FDA’s Brian Booth: “We need to reconsider our approach to dose selection”

Share on facebook
Share on twitter
Share on linkedin
Share on email
Share on print

As more targeted cancer therapies hit the market, the maximum tolerated dose approach to cancer drug development no longer makes sense, said Brian Booth, director of FDA’s Division of Cancer Pharmacology I, at the April 21 meeting of the FDA Oncologic Drugs Advisory Committee.

ODAC discussed survival decrements observed in six post-marketing randomized controlled trials of phosphoinositide 3-kinase (PI3K) inhibitors in indolent NHL or CLL (The Cancer Letter, April 15, April 22, 2022). 

Dose exploration—or lack thereof—is an important consideration in addressing the toxicity of drugs, FDA officials said at the meeting that was focused on PI3K inhibitors. 

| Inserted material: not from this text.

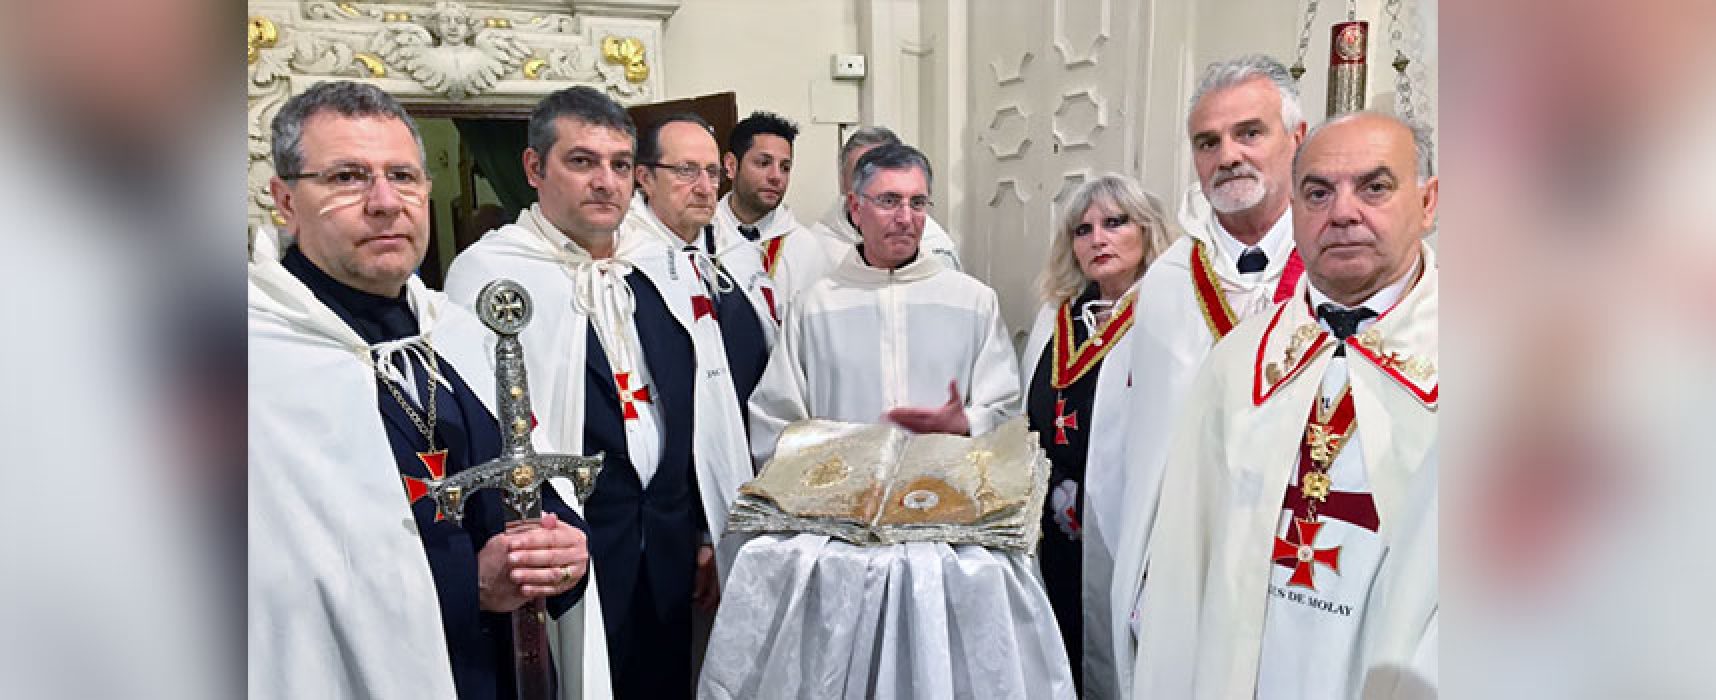 A Bisceglie l’incontro Storico culturale “Sulle Tracce dei Templari in Puglia”

“Pursuing the MTD approach with these types of drugs doesn’t make sense, especially for drugs with longer survival [which] will require longer periods of continuous drug treatment,” Booth said. “In these settings, managing the toxicity of the drug has much greater significance.”

Unlike cytotoxic therapies, targeted therapies create an exposure-response curve where efficacy plateaus earlier—meaning that more drug isn’t always better, Booth said. 

“Generally, we maximize efficacy before toxicity,” Booth said. “This especially is true if we use the MTD approach—the efficacy has plateaued, and increasing the dose further does not result in any further improvement in efficacy.”

ODAC voted unanimously to affirm that randomized data are warranted with an assessment of overall survival to support the evaluation of benefit-risk of PI3K inhibitors in patients with hematologic malignancies. FDA cited the sponsors’ reliance on the MTD among the fundamental problems in clinical trials of this class of drugs. 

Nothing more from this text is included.